*** Opening of Dataset section ***
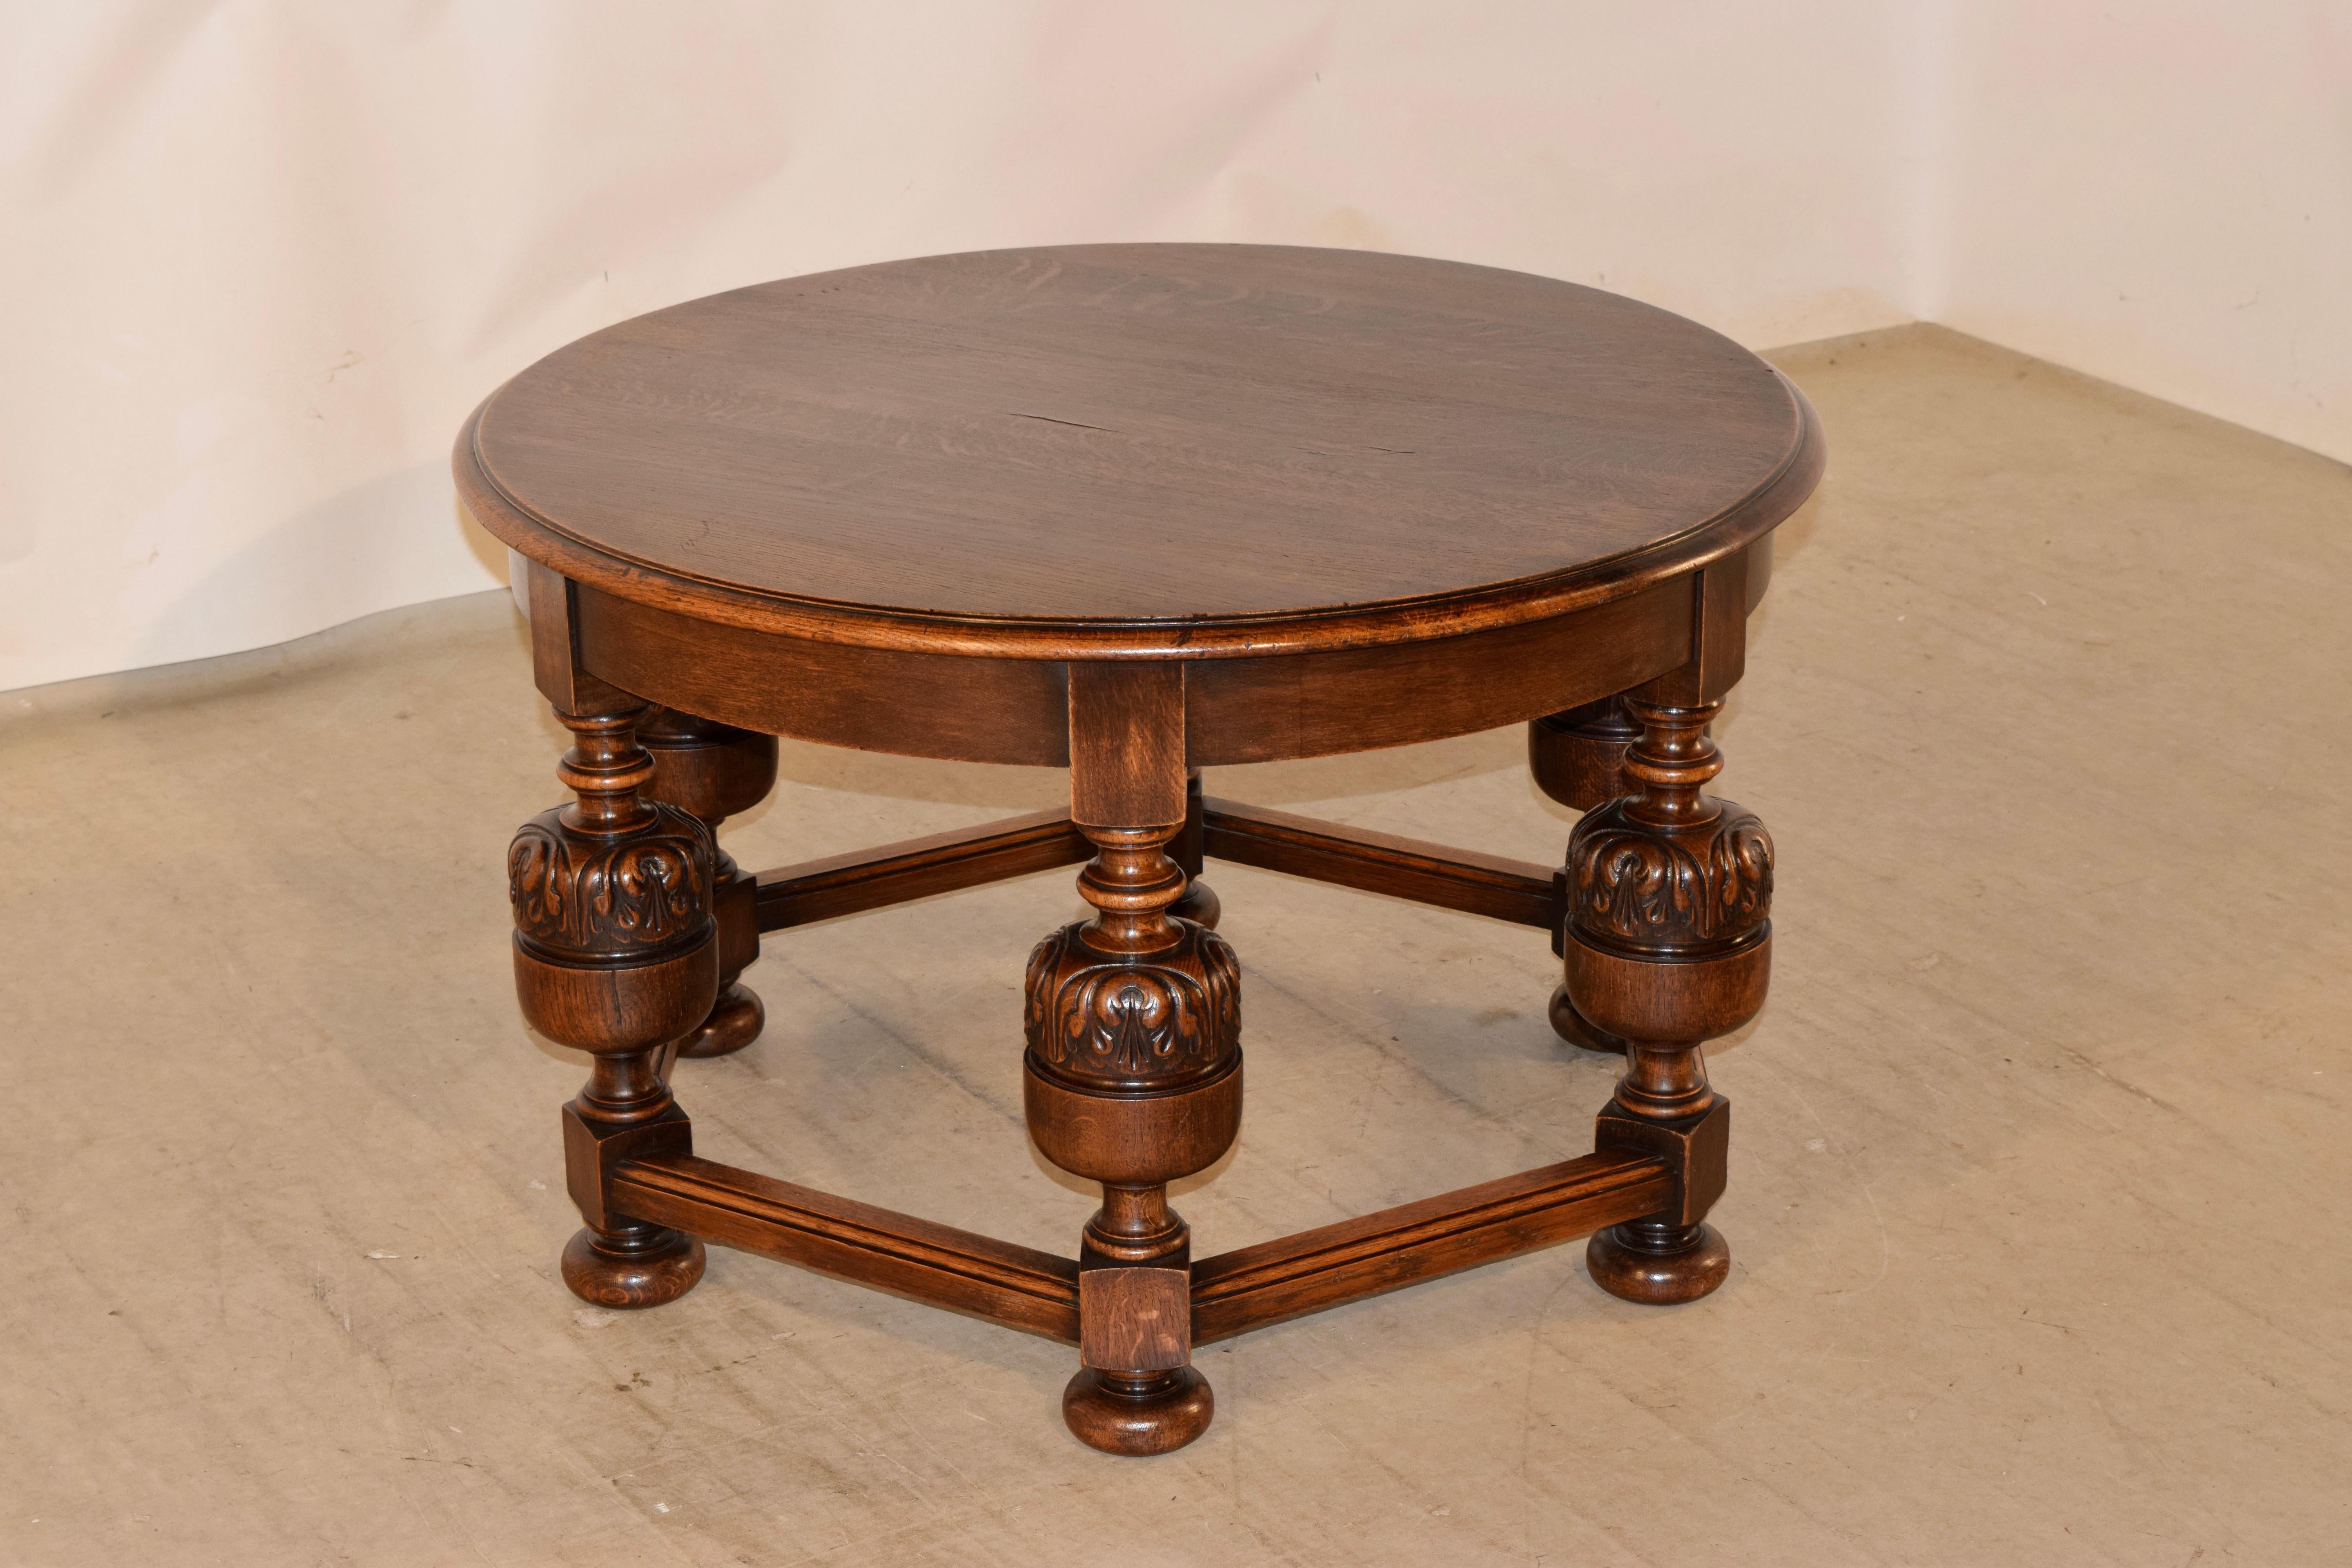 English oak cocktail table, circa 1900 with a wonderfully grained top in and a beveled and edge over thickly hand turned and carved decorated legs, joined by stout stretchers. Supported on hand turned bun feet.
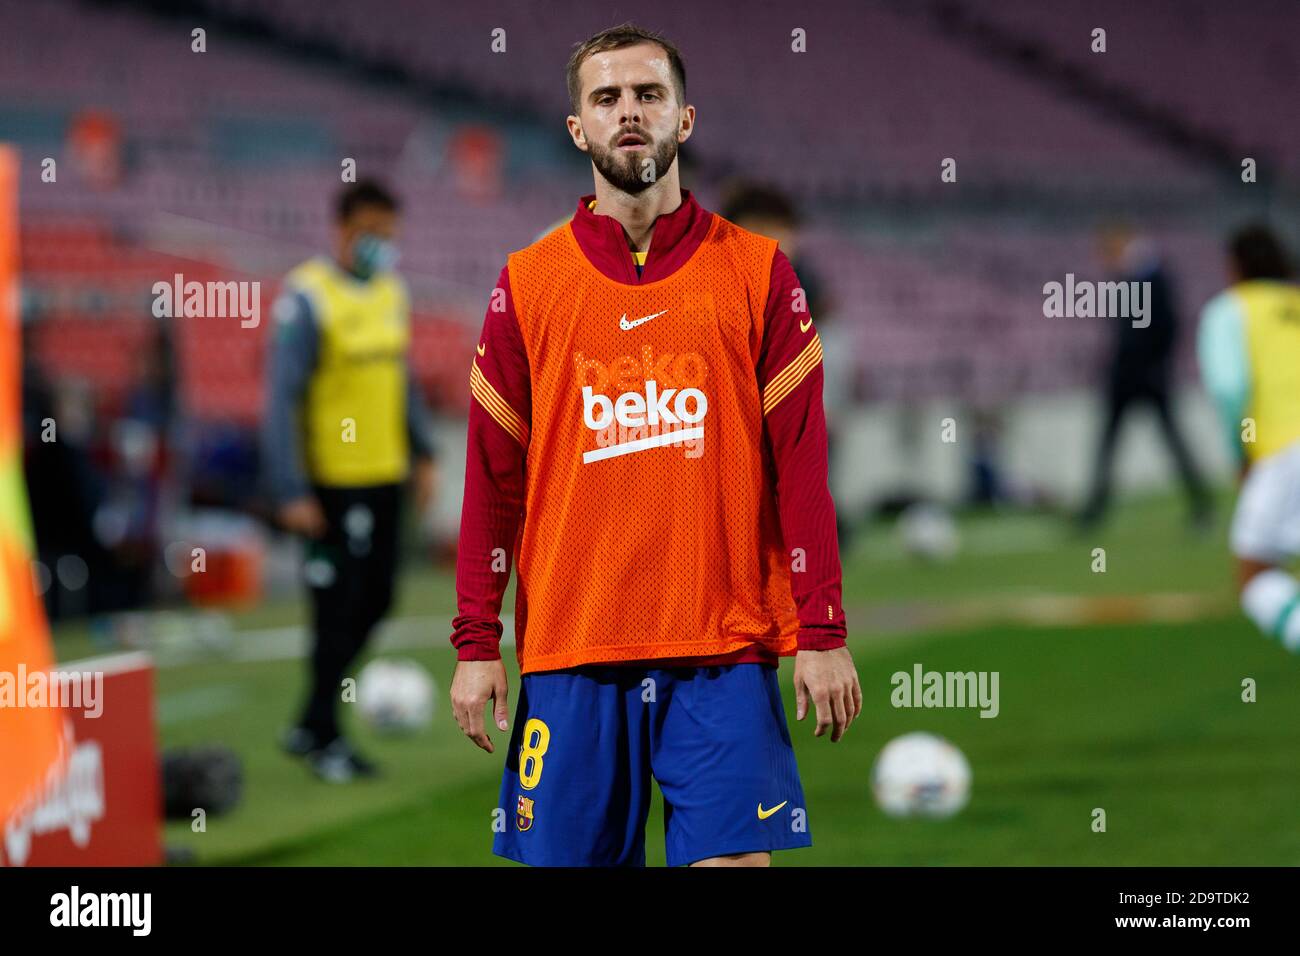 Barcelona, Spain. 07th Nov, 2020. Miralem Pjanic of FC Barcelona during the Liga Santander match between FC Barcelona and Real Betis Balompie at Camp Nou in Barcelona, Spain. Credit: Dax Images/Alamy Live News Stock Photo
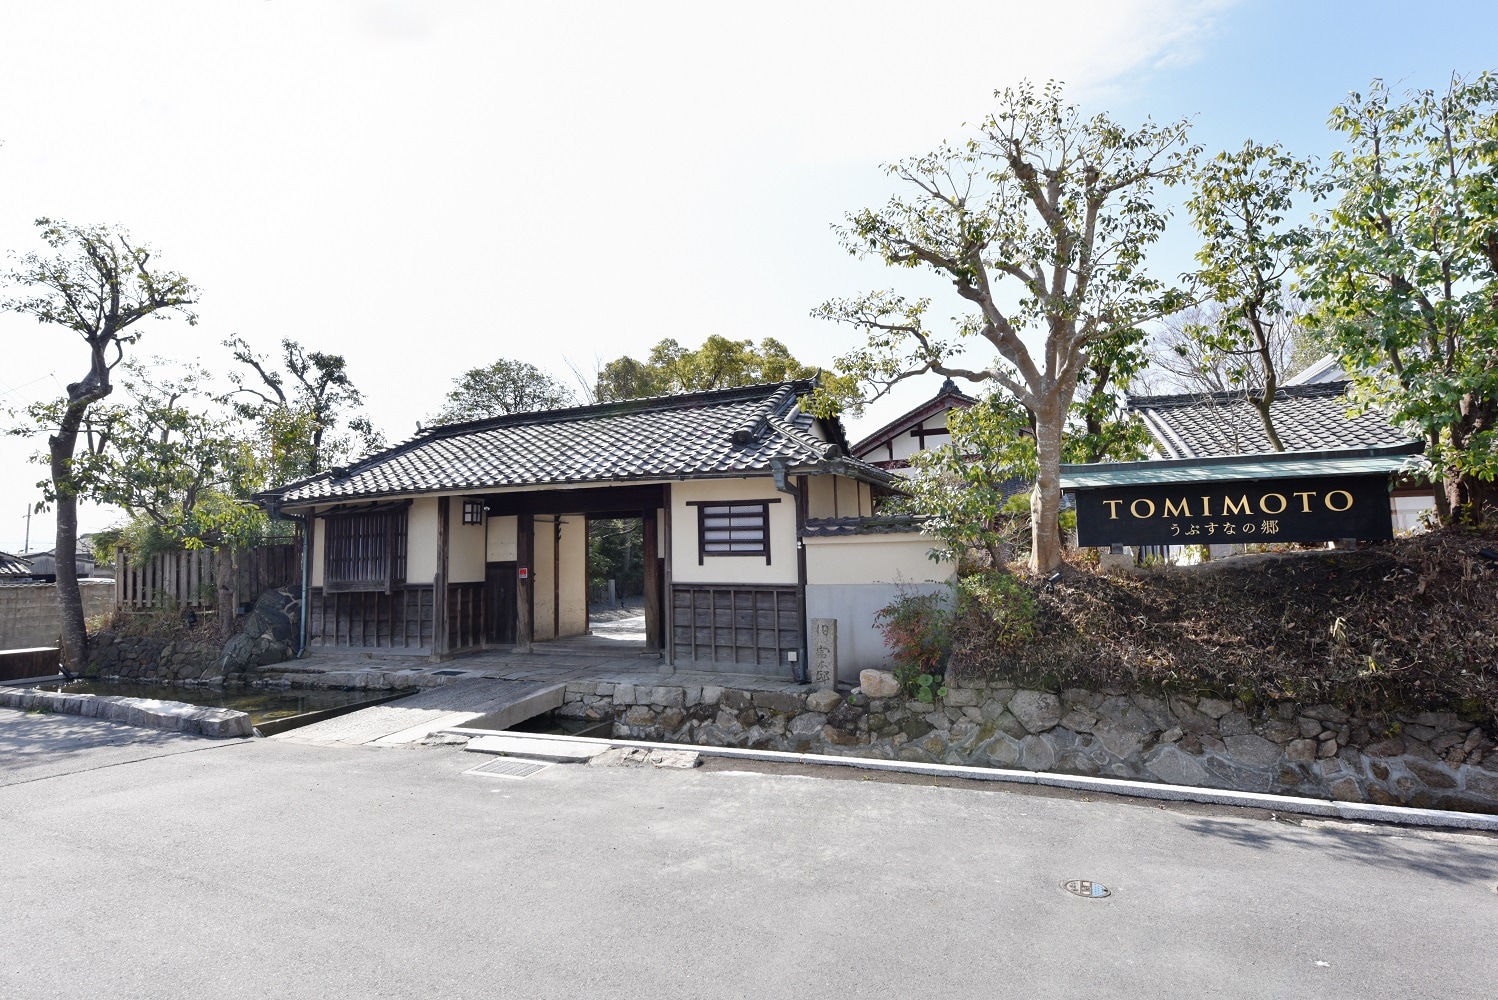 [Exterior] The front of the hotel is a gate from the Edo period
*** Close of Dataset section ***
Work task >> Pictures stay out. Everything else in the listing gets printed exactly.

Response for this exercise >>
 English oak cocktail table, circa 1900 with a wonderfully grained top in and a beveled and edge over thickly hand turned and carved decorated legs, joined by stout stretchers. Supported on hand turned bun feet.
 Barcelona, Spain. 07th Nov, 2020. Miralem Pjanic of FC Barcelona during the Liga Santander match between FC Barcelona and Real Betis Balompie at Camp Nou in Barcelona, Spain. Credit: Dax Images/Alamy Live News Stock Photo
 [Exterior] The front of the hotel is a gate from the Edo period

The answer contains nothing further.